Fig. 4: HLA CN analysis and LOH event detection.

a, Comparison of decimal CN estimation of 346 heterozygous HLA-I alleles from the NCI cohort (n = 68 samples) reported by NeoDisc (x axis) and LOHHLA (y axis). b, Comparison of rounded CN estimation of 389 (homozygous and heterozygous) HLA-I alleles from the NCI cohort (n = 68 samples) reported by NeoDisc (x axis) and Sequenza (y axis). c, Sequenza estimation of HLA-I CN (x axis) of all NeoDisc and LOHHLA HLA-I loss calls (n = 17 participants and 37 events; y axis). Colors indicate common and tool-specific calls. d, Tumor content estimation of samples with HLA-I loss calls (n = 37 samples). e, Comparison of rounded CN estimation of 639 (homozygous and heterozygous) HLA-II alleles from the NCI cohort (n = 68 samples) reported by NeoDisc (x axis) and Sequenza (y axis). f, HLA-II CN estimated by Sequenza (x axis) of all NeoDisc HLA-II loss calls (n = 18 samples and 53 events; y axis). g, Tumor content estimation of samples with HLA-II loss calls (n = 53 events).

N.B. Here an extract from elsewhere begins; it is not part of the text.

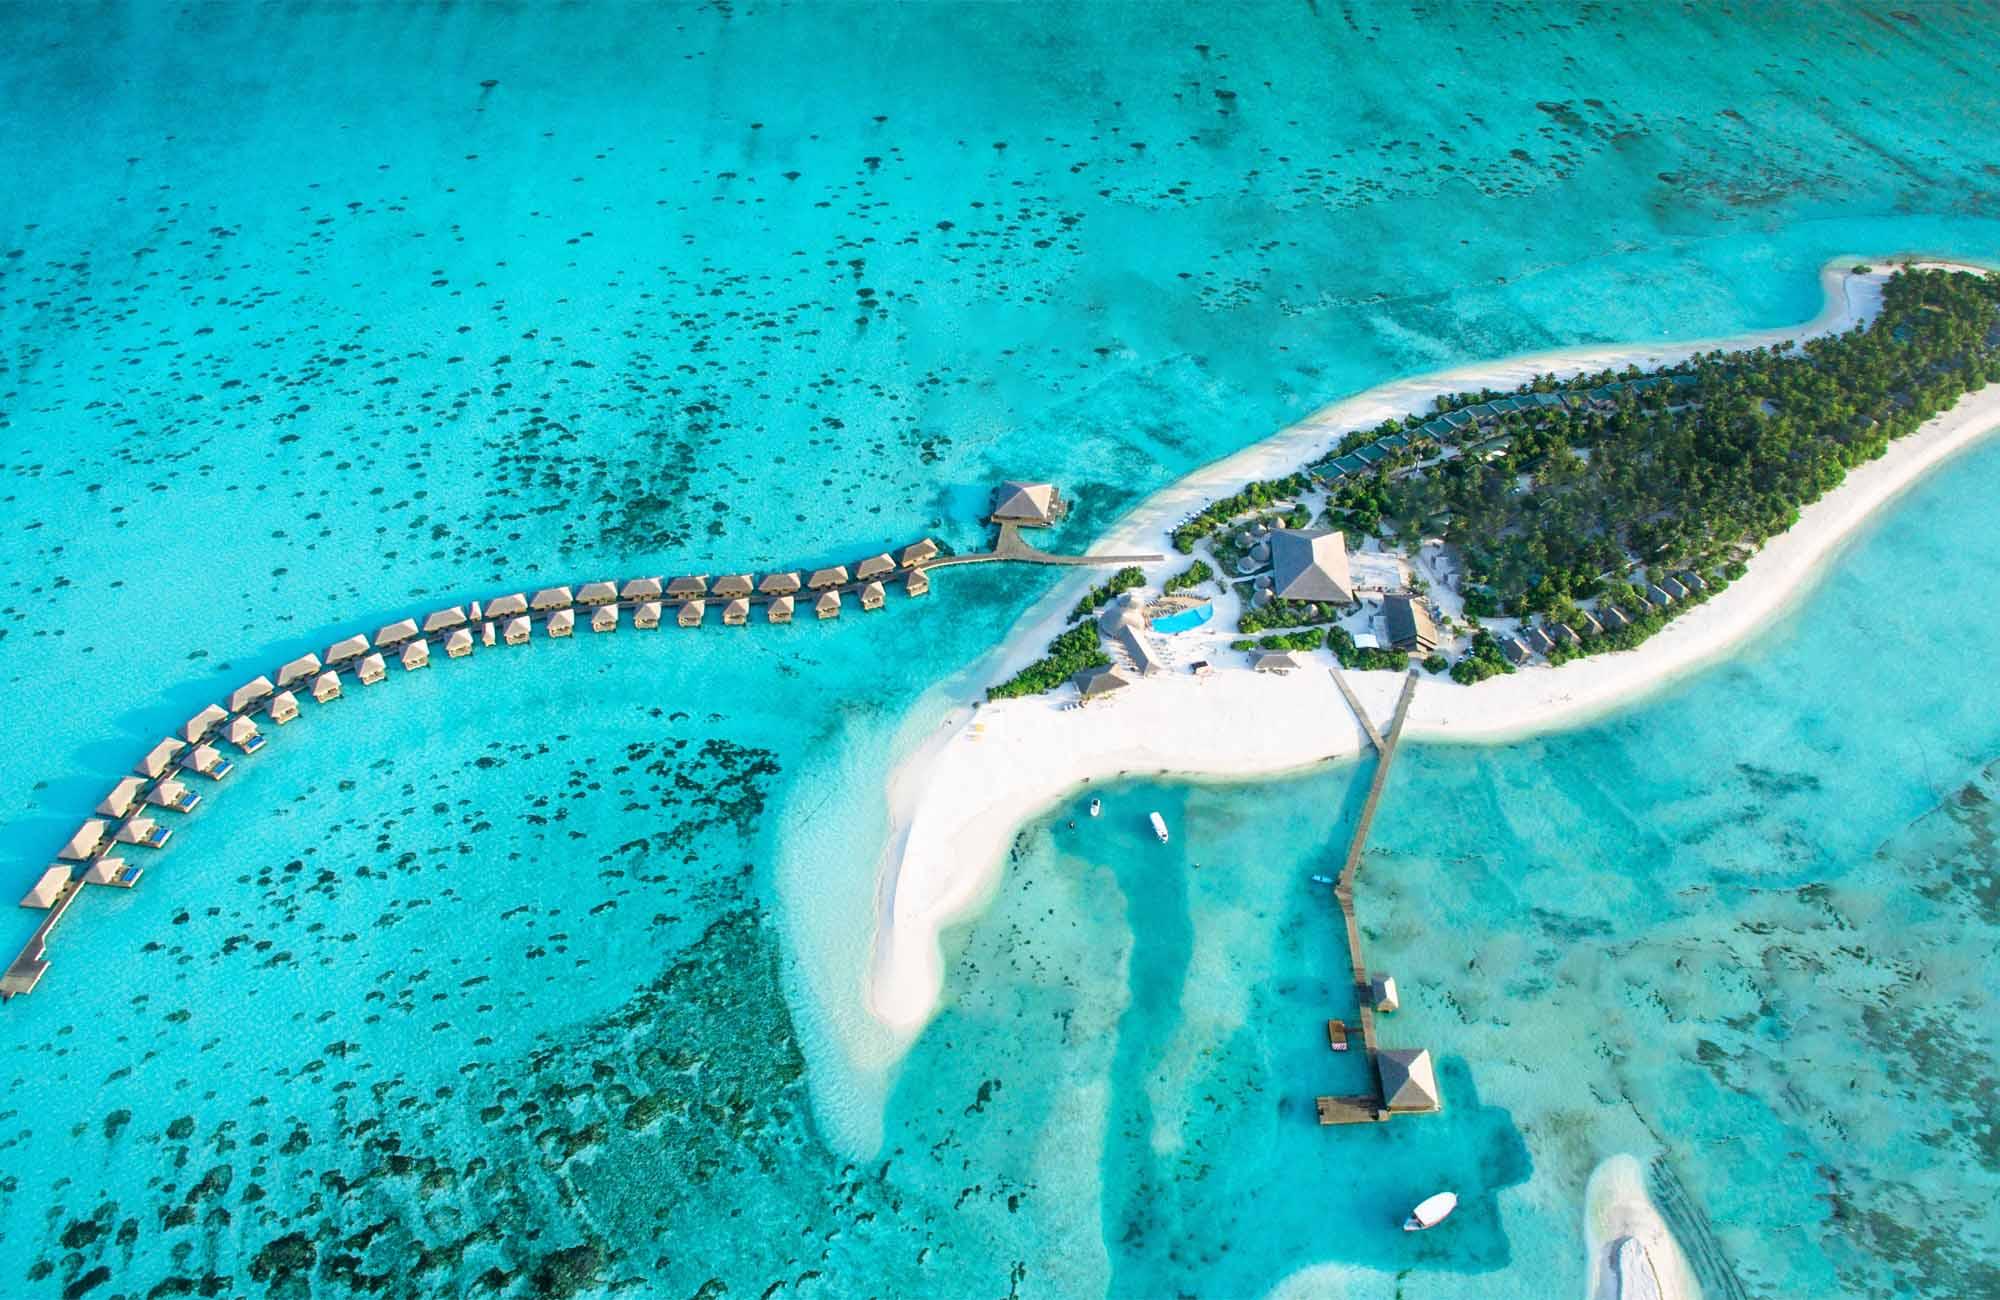 Will Cocoon Maldives score a World Luxury Restaurant Award?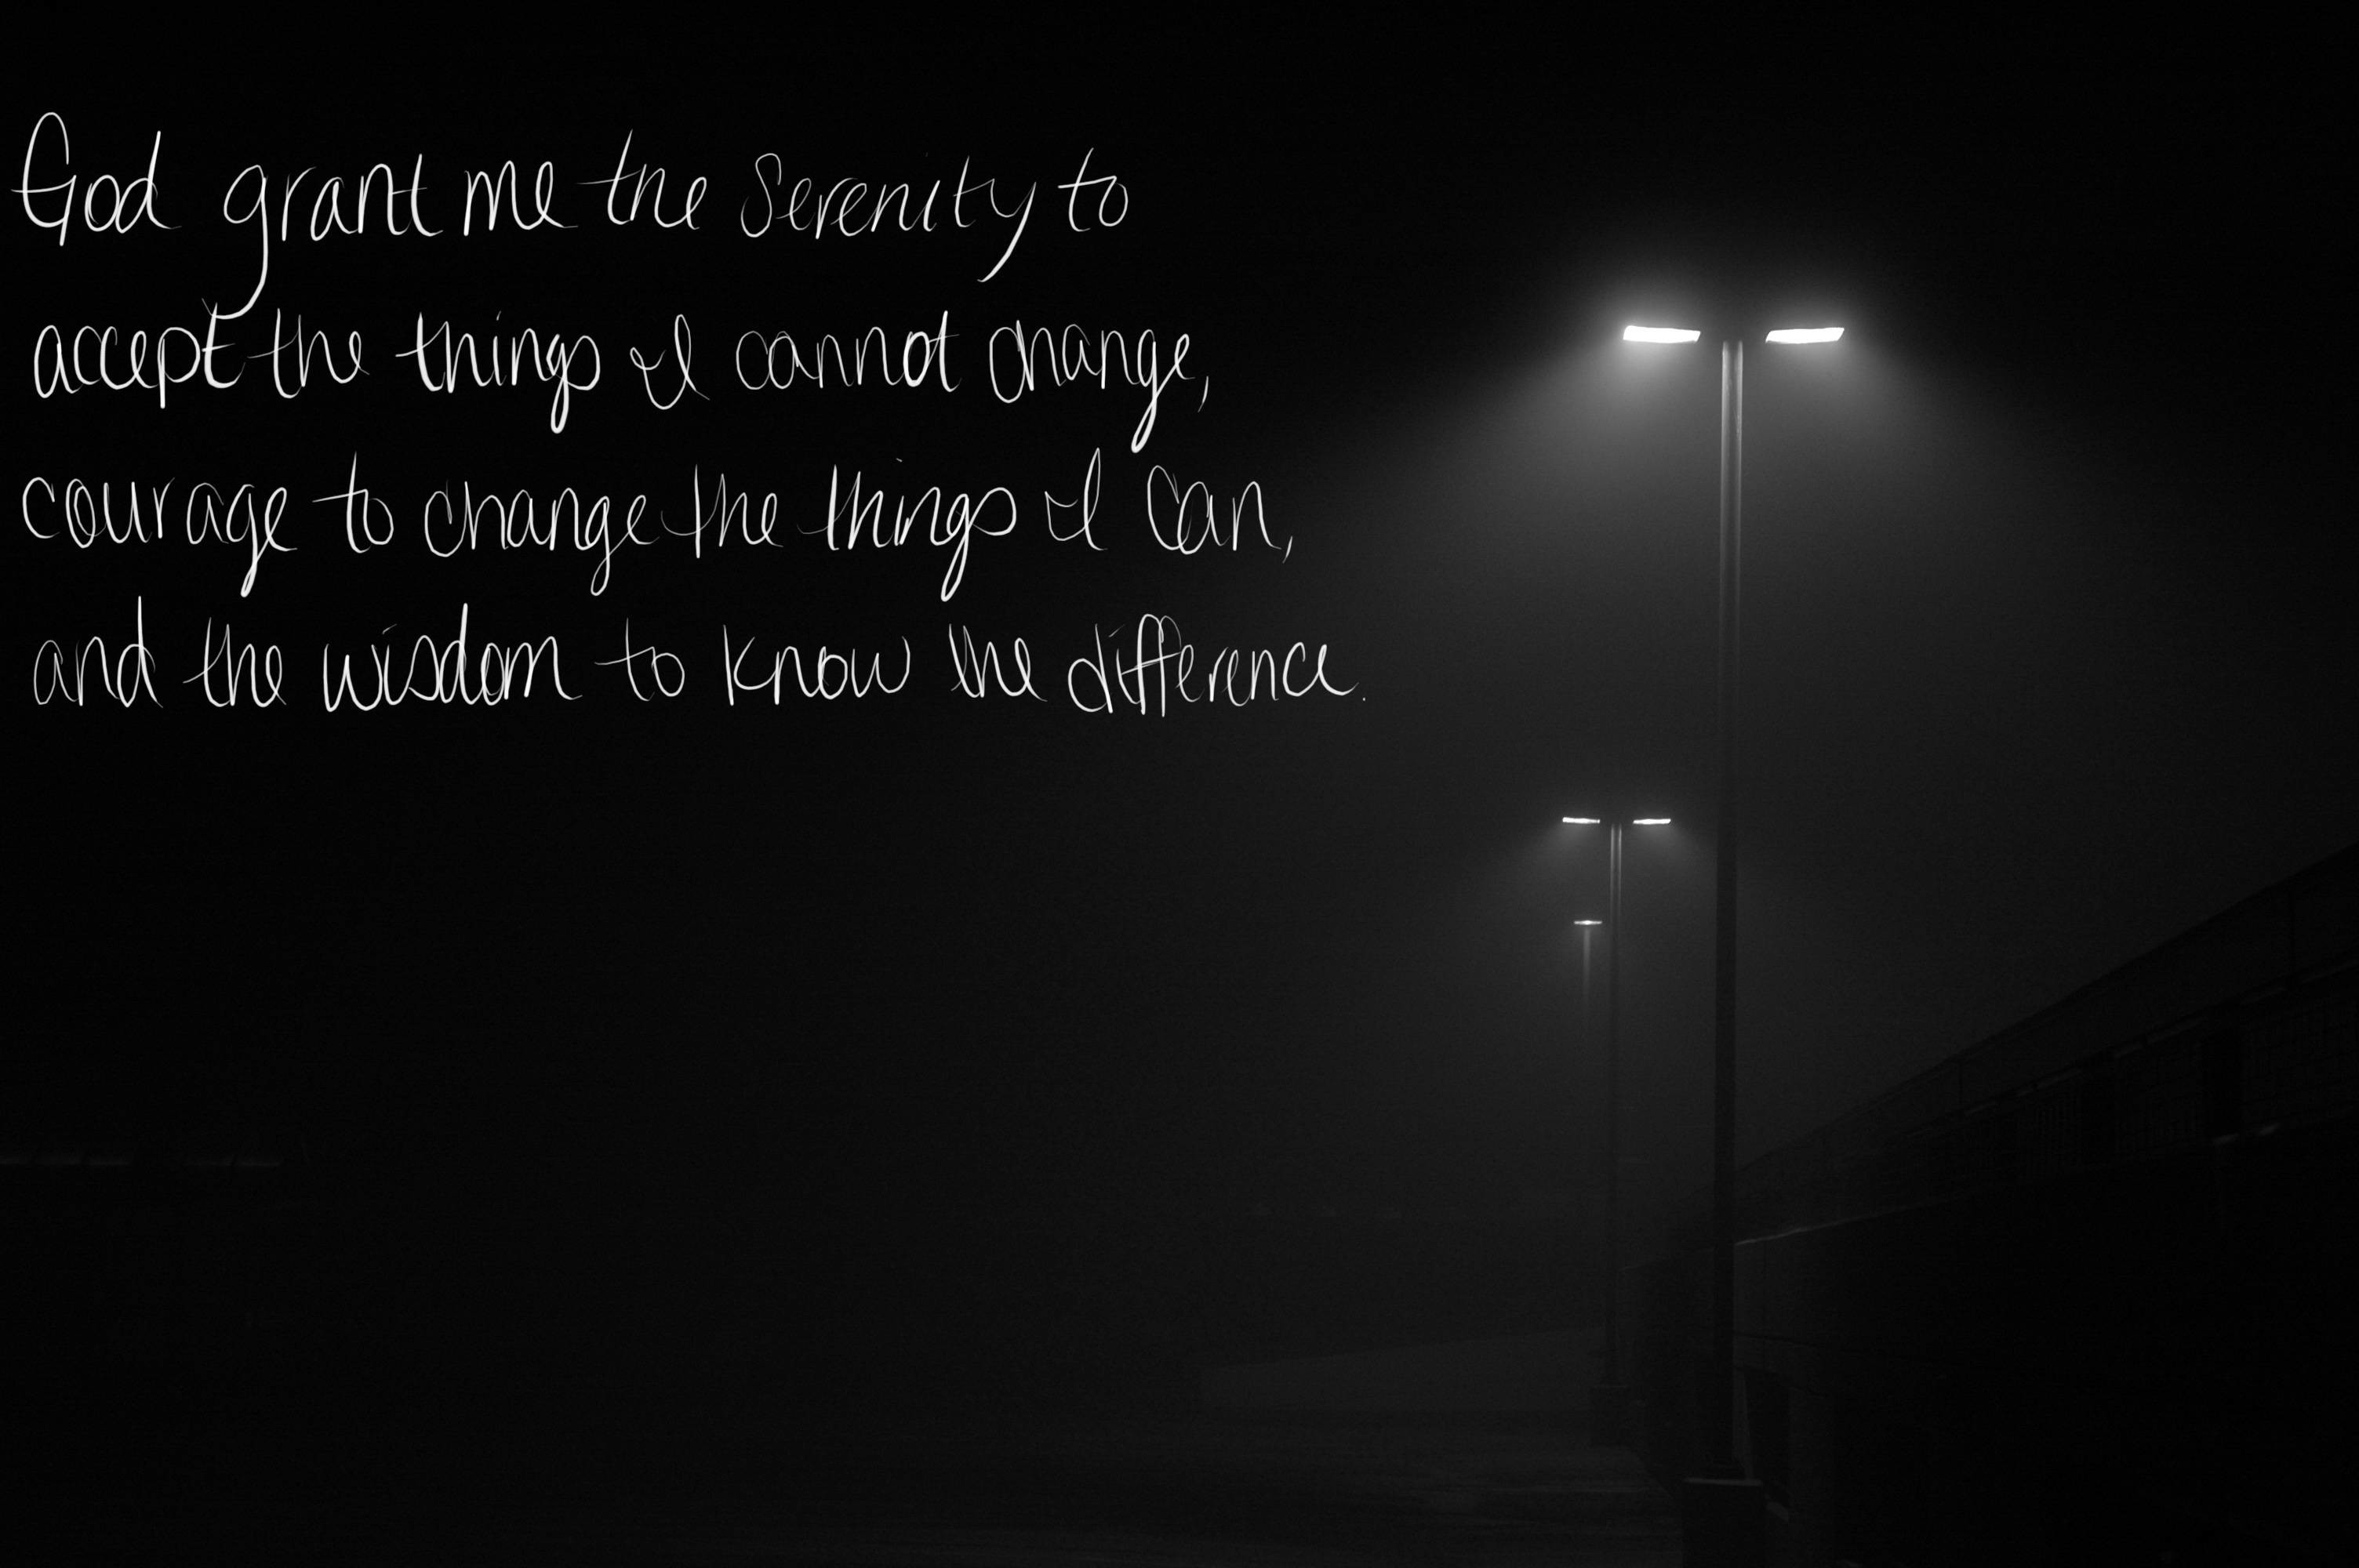 Serenity Prayer Wallpaper Screensaver 50 Images

The box plot center lines represent the median. The bounds of the box represent the 25th and 75th percentiles (IQR). The whiskers extend to the smallest and largest values within 1.5× the IQR. Individual dots represent minima and maxima beyond the whiskers. All individual values are shown as dots. h, Comparison of the effect of keeping or discarding lost HLA-I alleles from the ML prioritization on the ranking of immunogenic peptides from the NCI samples with HLA-I loss (n = 5 samples and 8 peptides). In a, b and e, correlation coefficients and P values were calculated using a two-sided Pearson test.